Goal of the exercise = Output the listing exactly, without its pictures.

Stored data =
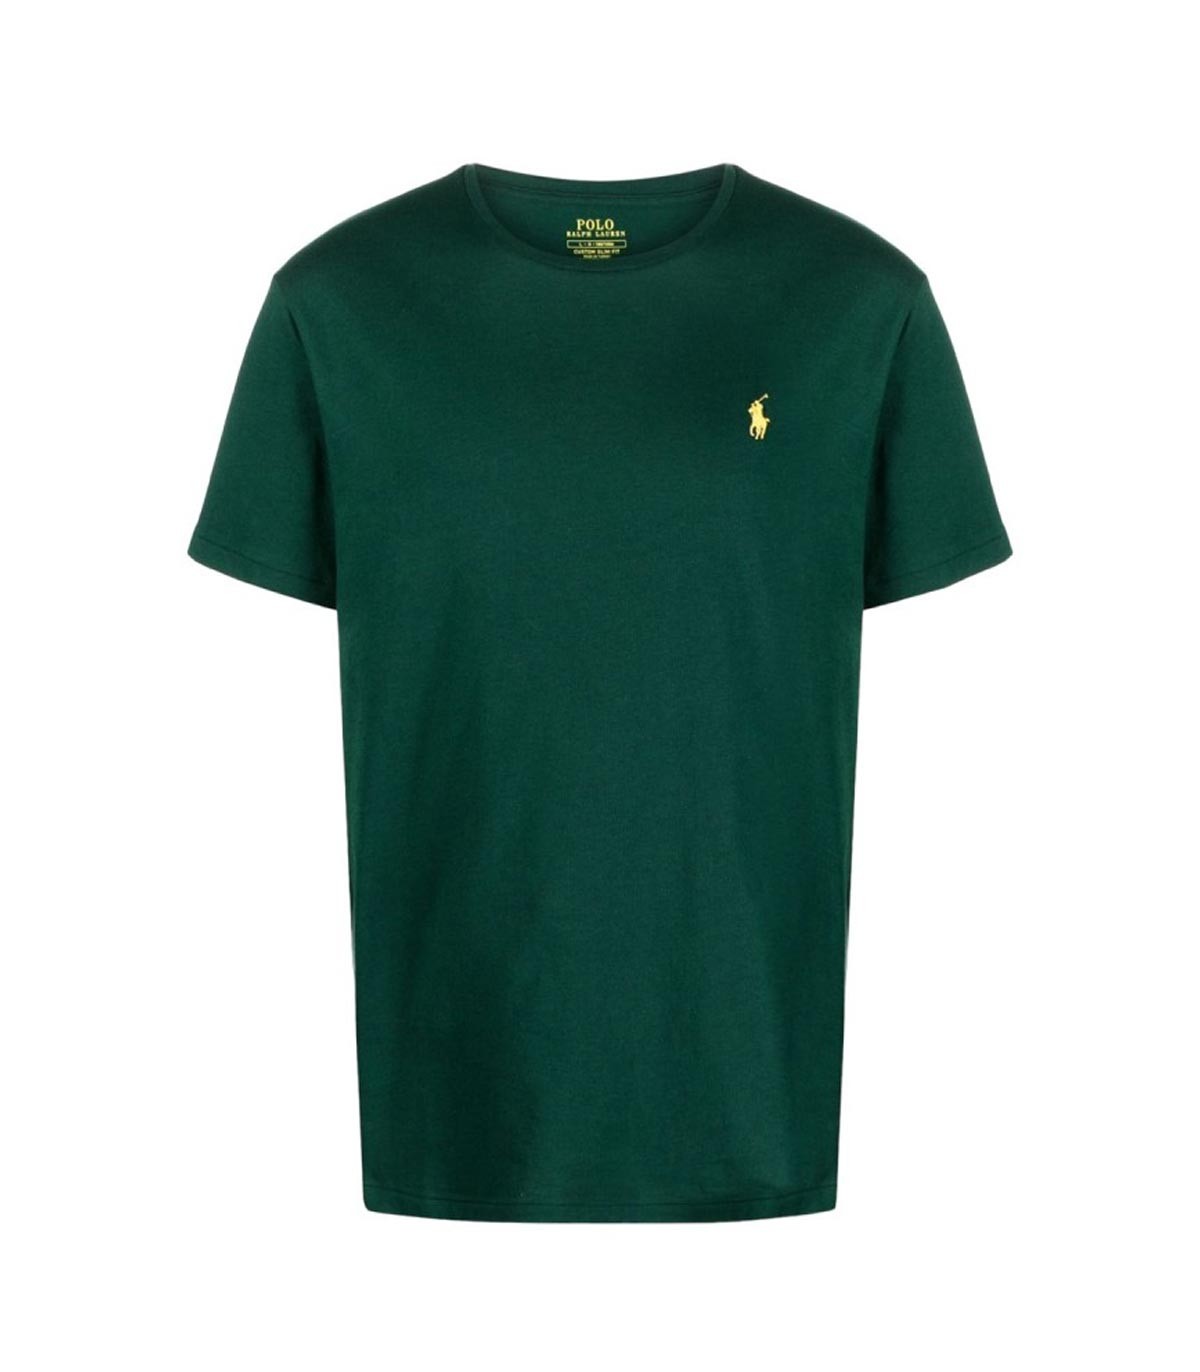 Polo Ralph Lauren - Camiseta SL con Bordado - Verde
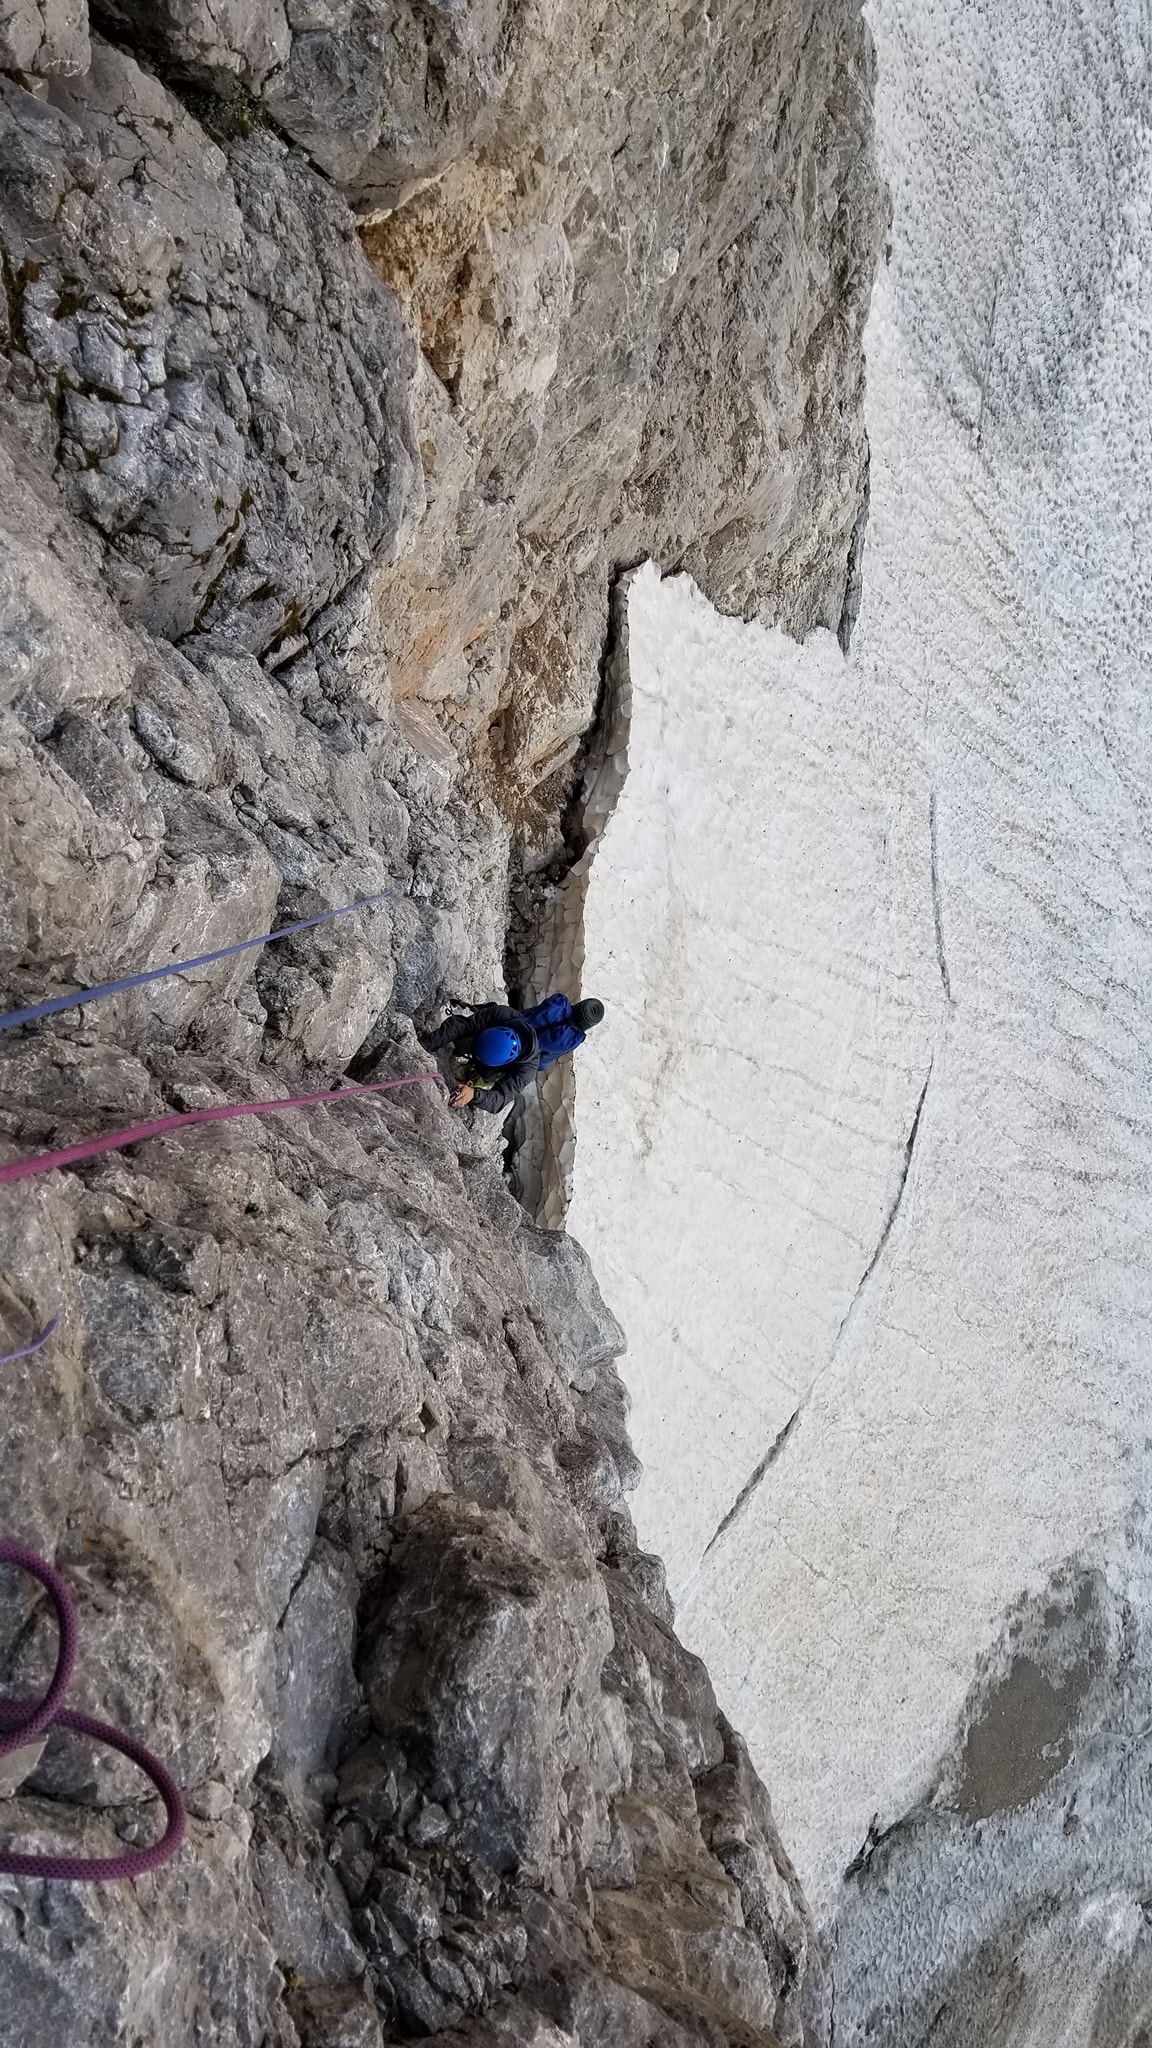 Украинские альпинисты открыли в Турции два новых скальных маршрута. Фото Михаил Фомин
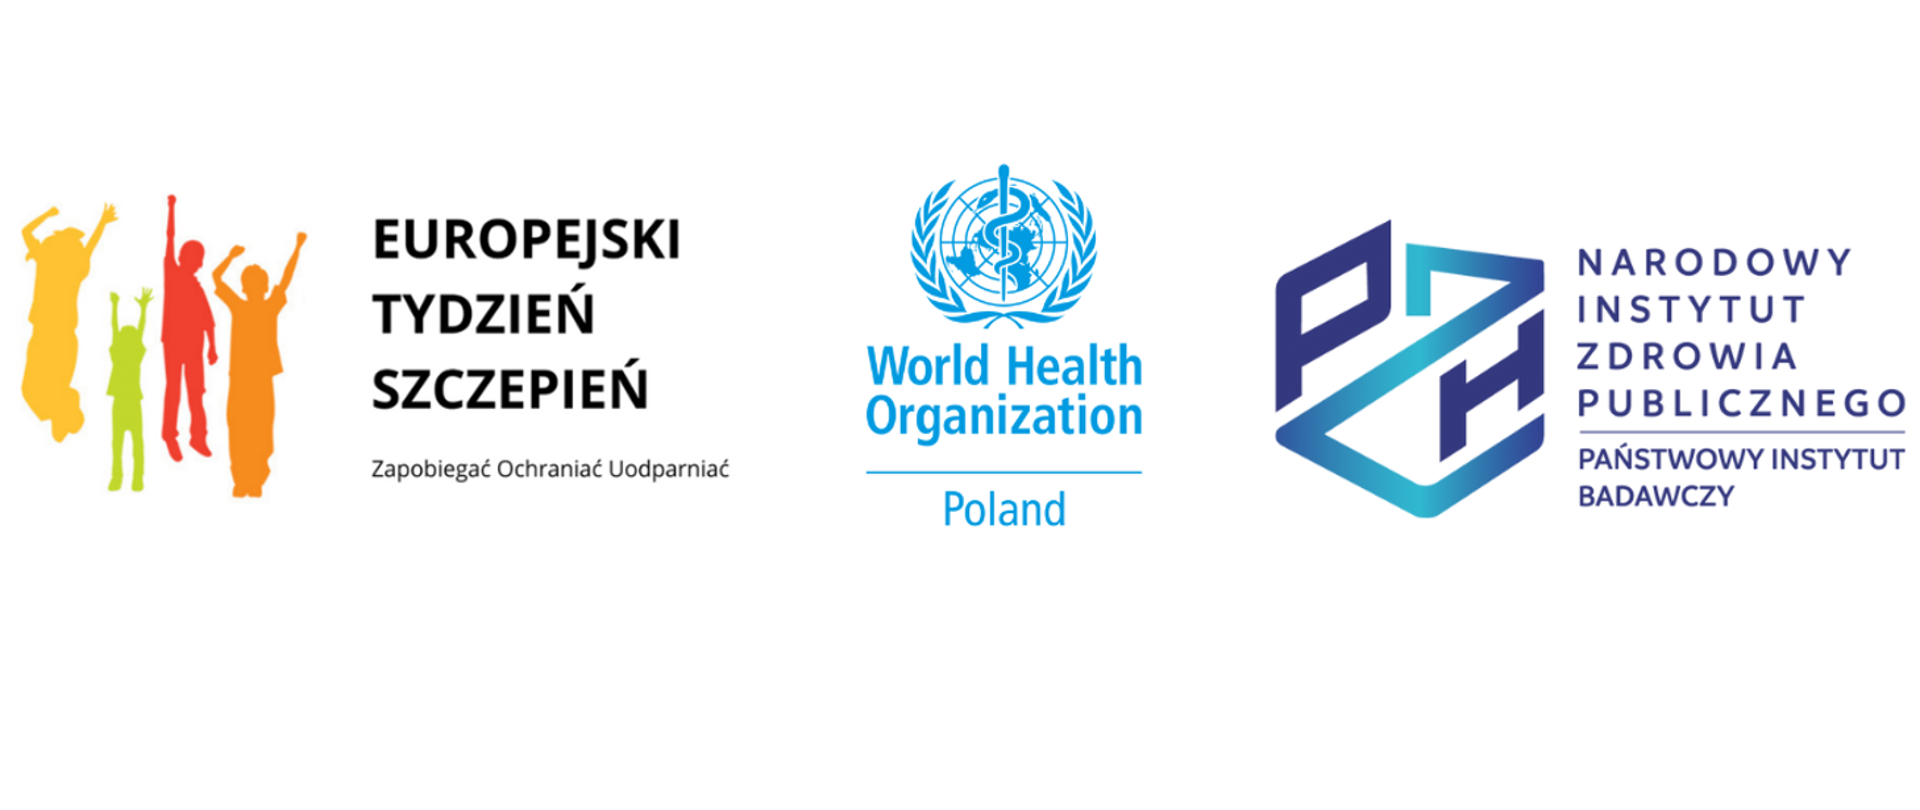 Logo akcji Europejski Tydzień Szczepień, Logo WHO, Logo Narodowego Instytutu Zdrowia Publicznego PZH
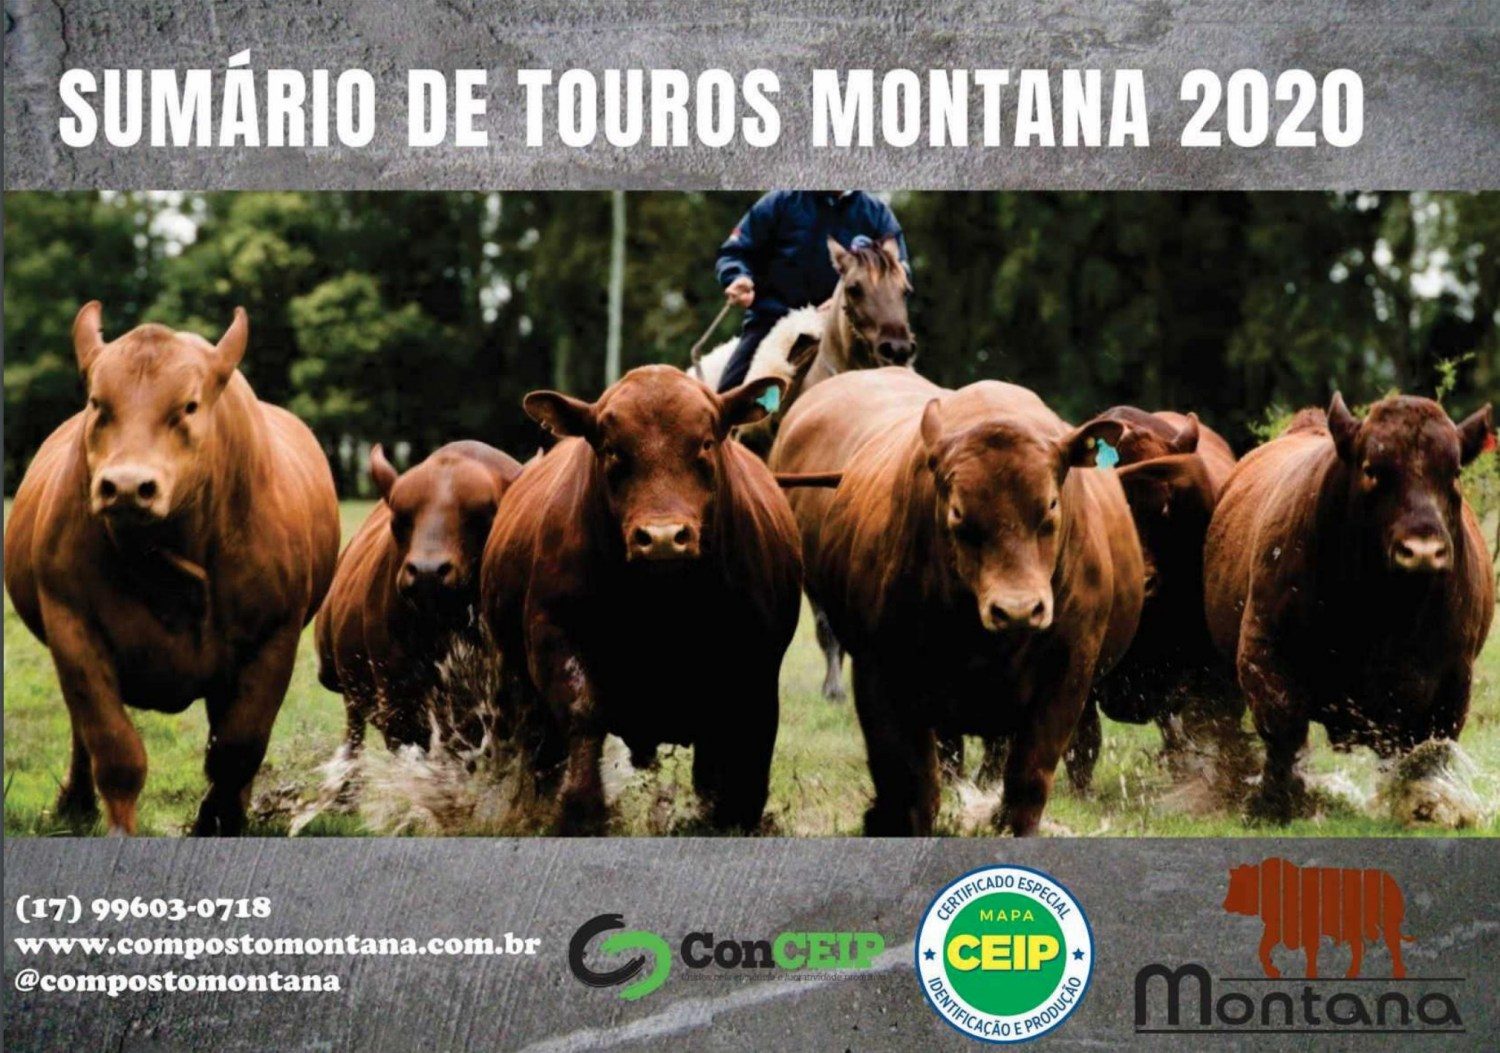 capa do sumario de touros montana 2020

Output =
 Polo Ralph Lauren - Camiseta SL con Bordado - Verde
 Украинские альпинисты открыли в Турции два новых скальных маршрута. Фото Михаил Фомин
 Logo akcji Europejski Tydzień Szczepień, Logo WHO, Logo Narodowego Instytutu Zdrowia Publicznego PZH
 capa do sumario de touros montana 2020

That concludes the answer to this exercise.